Wraps an `InputPreProcessor` as a `ComputationGraph` vertex. This allows inserting preprocessing steps (e.g., `CnnToFeedForwardPreProcessor`, `FeedForwardToCnnPreProcessor`) between layers in a graph where the automatic preprocessor insertion does not apply.

```java
import org.deeplearning4j.nn.graph.vertex.impl.PreprocessorVertex;
import org.deeplearning4j.nn.conf.preprocessor.CnnToFeedForwardPreProcessor;

conf.addVertex("cnnToFF",
    new PreprocessorVertex(new CnnToFeedForwardPreProcessor(height, width, channels)),
    "convLayer");
```

***

## ReverseTimeSeriesVertex

Reverses the time axis of a sequence input. Useful for building bidirectional RNN variants manually, where one branch processes the sequence forward and another processes it backwards.
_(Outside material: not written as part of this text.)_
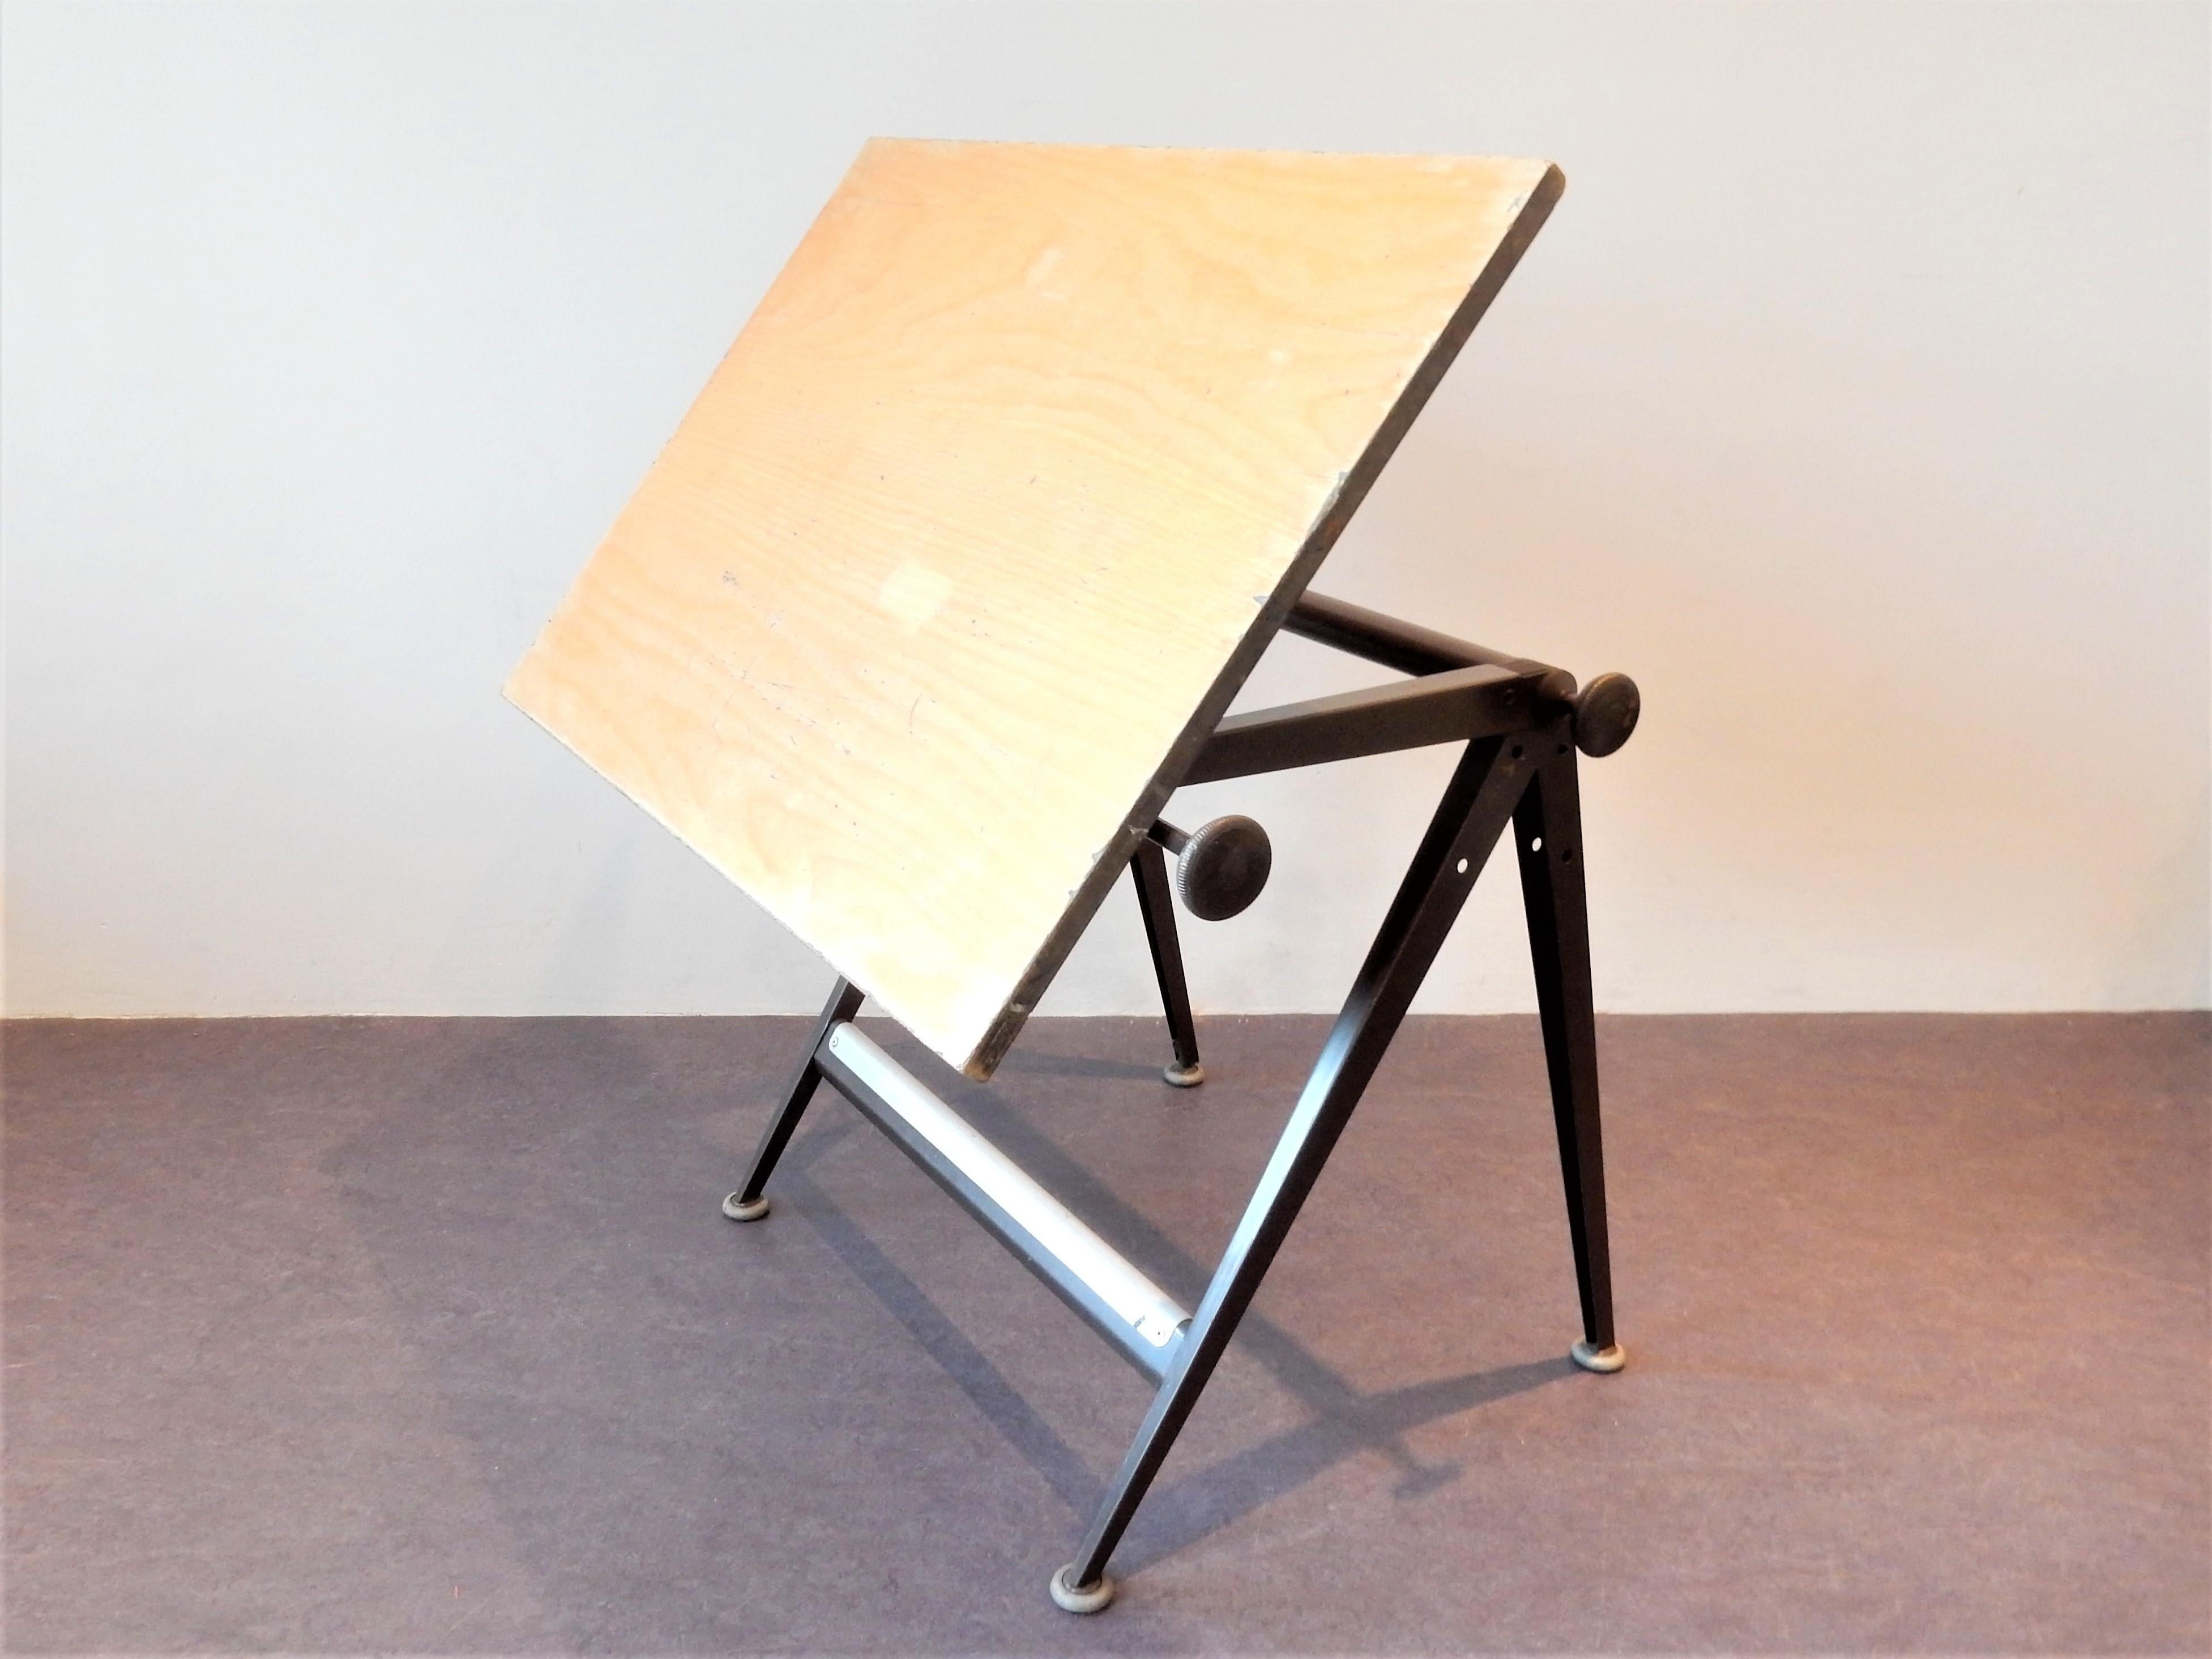 Metal 'Reply' Drafting Table by Friso Kramer and Wim Rietveld for Ahrend, Dutch design
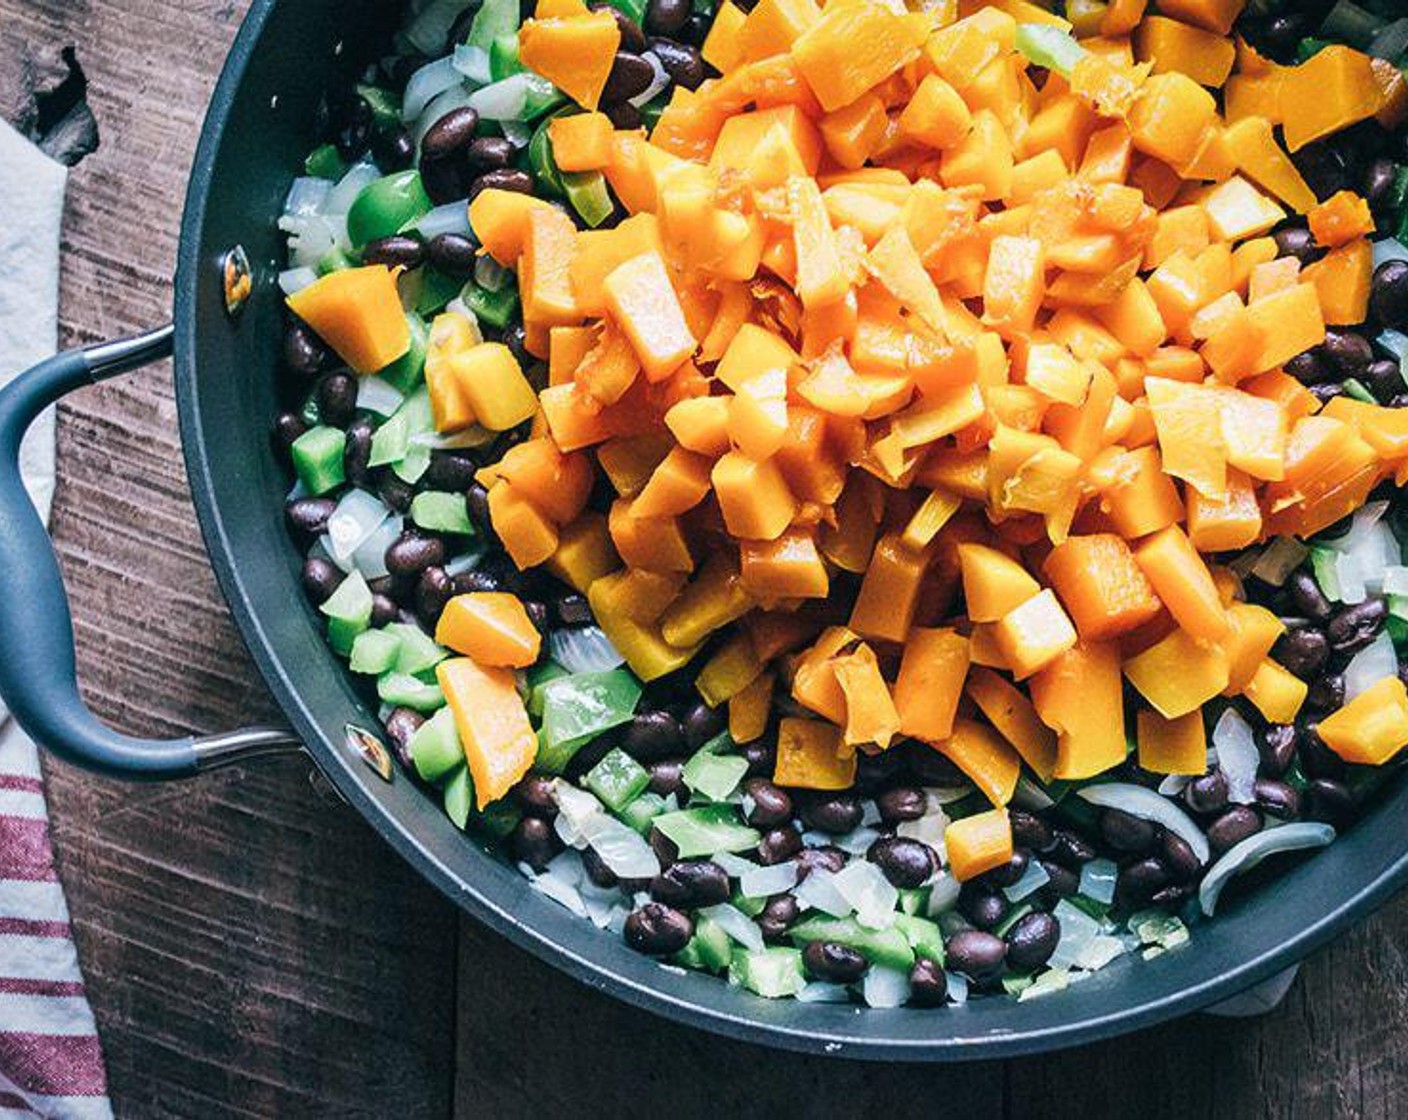 step 3 Meanwhile add Coconut Oil (1 Tbsp), Onion (1), Green Bell Pepper (1), Garlic (2 cloves) to large sauce pan, and cook over medium heat for 5-7 minutes or until onions are translucent, add in Canned Black Beans (2 1/3 cups) and cooked butternut squash, stir to combine.

Masked time steps (padding) are handled correctly: only the present (mask = 1) time steps are reversed in place; padding (mask = 0) remains at the end of the reversed sequence.

```java
import org.deeplearning4j.nn.graph.vertex.impl.rnn.ReverseTimeSeriesVertex;

conf.addVertex("reversed", new ReverseTimeSeriesVertex("inputMask"), "rnnInput");
conf.addLayer("backwardRnn",
    new LSTM.Builder().nIn(inputSize).nOut(hiddenSize).build(), "reversed");
```

***

## PoolHelperVertex

A specialised vertex for removing the first row and column from a 4D CNN activation tensor. Originally designed to aid importing Caffe's GoogLeNet architecture where the pooling layer produces an output that is one pixel larger than expected.

```java
import org.deeplearning4j.nn.graph.vertex.impl.PoolHelperVertex;

conf.addVertex("poolHelper", new PoolHelperVertex(), "poolLayer");
```

***

## Custom Vertices

Implement `org.deeplearning4j.nn.graph.vertex.GraphVertex` (or extend `org.deeplearning4j.nn.graph.vertex.BaseGraphVertex`) to create a custom vertex.

Key methods to override:

```java
public class MyVertex extends BaseGraphVertex {

    public MyVertex(ComputationGraph graph, String name, int vertexIndex,
                    MemoryWorkspace workspace) {
        super(graph, name, vertexIndex, workspace);
    }

    @Override
    public boolean hasLayer() { return false; }

    @Override
    public boolean isOutputVertex() { return false; }

    @Override
    public Layer getLayer() { return null; }

    @Override
    public INDArray doForward(boolean training, LayerWorkspaceMgr workspaceMgr) {
        // inputs available via: this.inputs[0], this.inputs[1], ...
        INDArray input0 = inputs[0];
        // ... compute output ...
        return output;
    }

    @Override
    public Pair<Gradient, INDArray[]> doBackward(boolean tbptt, LayerWorkspaceMgr workspaceMgr) {
        // epsilon is the gradient from the next layer
        INDArray epsilon = this.epsilon;
        // ... compute gradients ...
        return new Pair<>(null, new INDArray[]{ gradient0 });
    }
}
```

Register the vertex using the standard `addVertex` API with an instance of your class.